Just when it seemed the City crowd had forgotten that economic stimulus in the US would inevitably come to an end some day and appeared to be getting over it, they panicked again as it seems tapering might even start before the end of the year, sending the FTSE 100 (FTSEINDICES: ^FTSE) down 76 points (1.1%) to 6,651 by midday and bringing the recent mini-bull to a pretty firm end.
But some individual shares are doing even worse today. Here are three from the indices that are slipping:
AMEC
Despite being awarded a new contract, AMEC (LSE: AMEC) saw its shares fall 28p (2.4%) to 1,150p this morning. The engineer and project manager has been awarded the hook-up and commissioning contract by GDF Suez for the North Sea Cygnus gas development project, said to be the largest gas discovery in the area for 25 years.

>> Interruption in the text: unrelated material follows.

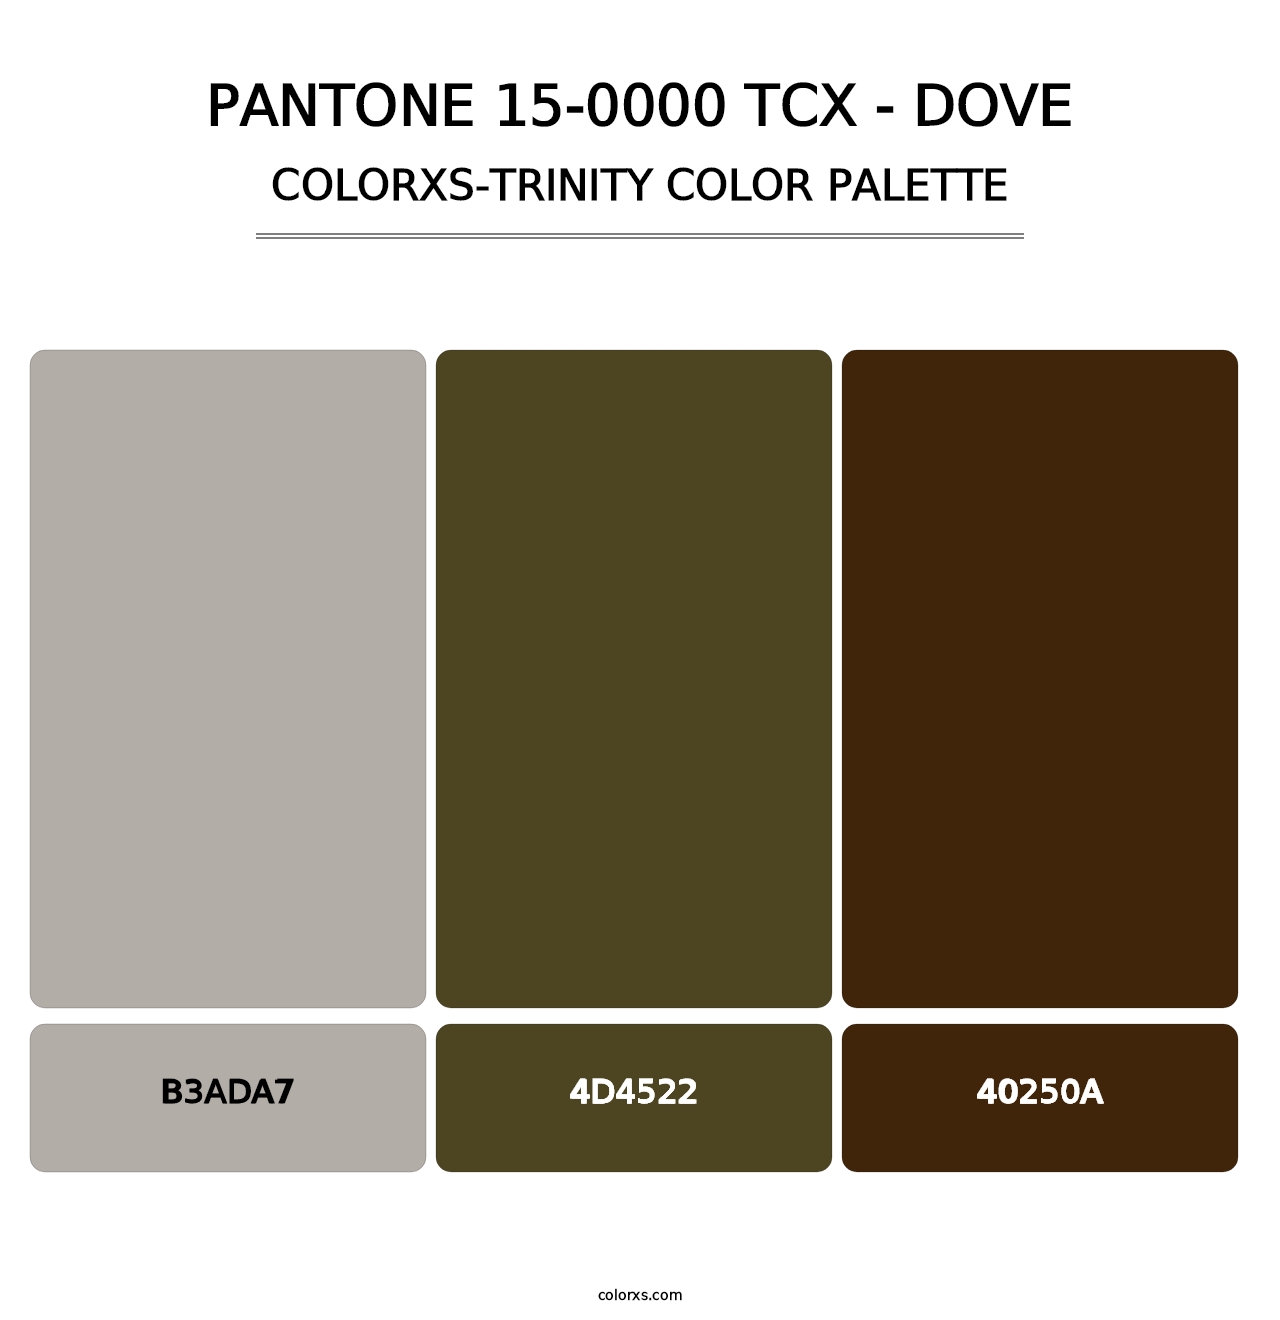 PANTONE 15-0000 TCX - Dove - Colorxs Trinity Palette
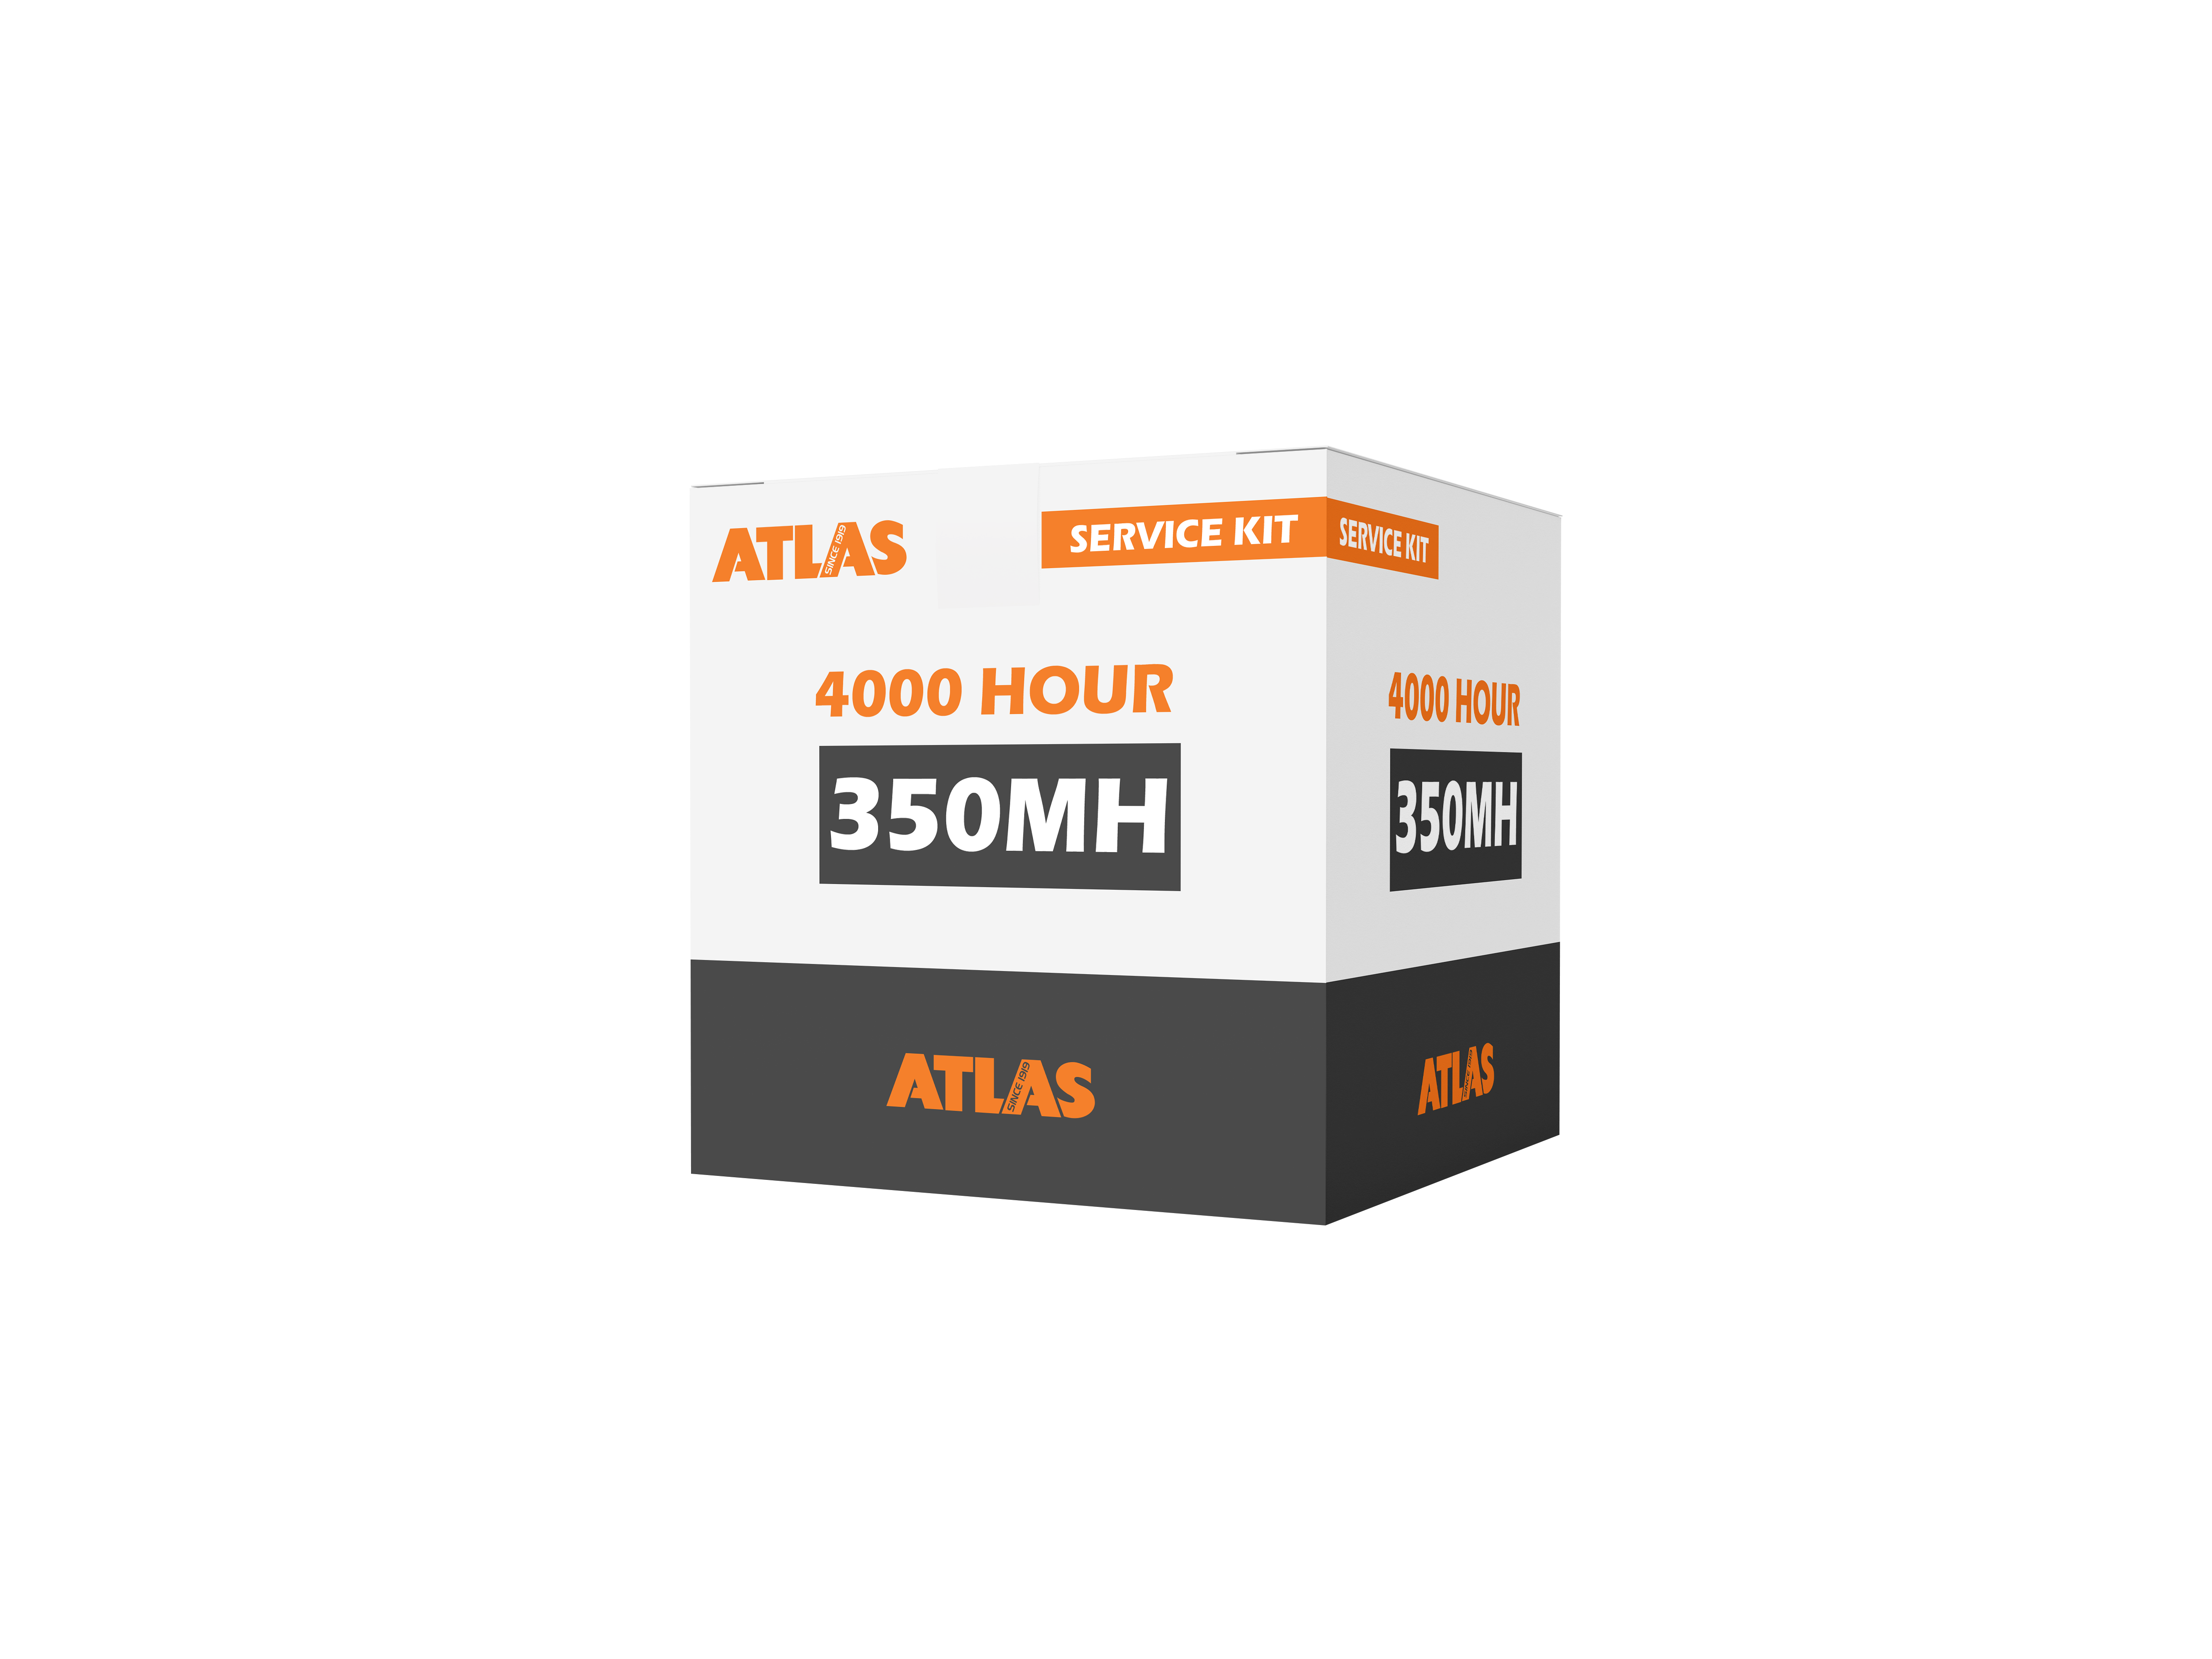 Atlas 350MH 4000 Hour Service Kit (352 series)

Following on from work already done by the company, the latest phase should see the first gas being delivered in the last quarter of 2015, with AMEC saying the contract will maintain a peak of 140 jobs.
The price fall? Apparently a broker somewhere has downgraded its AMEC recommendation.
British Sky Broadcasting
An update on its share-buyback programme didn’t placate British Sky Broadcasting Group (LSE: BSY) (NASDAQOTH: BSYBY.US) shareholders today, and the shares dropped another 29p (3.5%) to 811p. The price has now plunged 119p (12.8%) since BT Group beat Sky for the rights to show UEFA football for three seasons starting in 2015.
On 12 November, Sky bought up 250,000 of its ordinary shares at an average price of 842p, so at least it managed to get them cheaper thanks to BT — though an extra day would have seen an even better bargain.
Kier Group
Kier Group (LSE: KIE) shares had soared more than 60% over the past 12 months, but a first-quarter update today set the price back 106p (5.9%) to 1,702p despite telling us that the construction firm is trading in line with current expectations.
Since the start of the financial year Kier has been awarded a number of key contracts, for developments including several schools, affordable housing projects and construction work for fire authorities, and it has been named the preferred bidder in a joint venture for the Mersey Gateway bridge project.
The only negative note was a statement that the firm is “experiencing inflationary cost pressures“.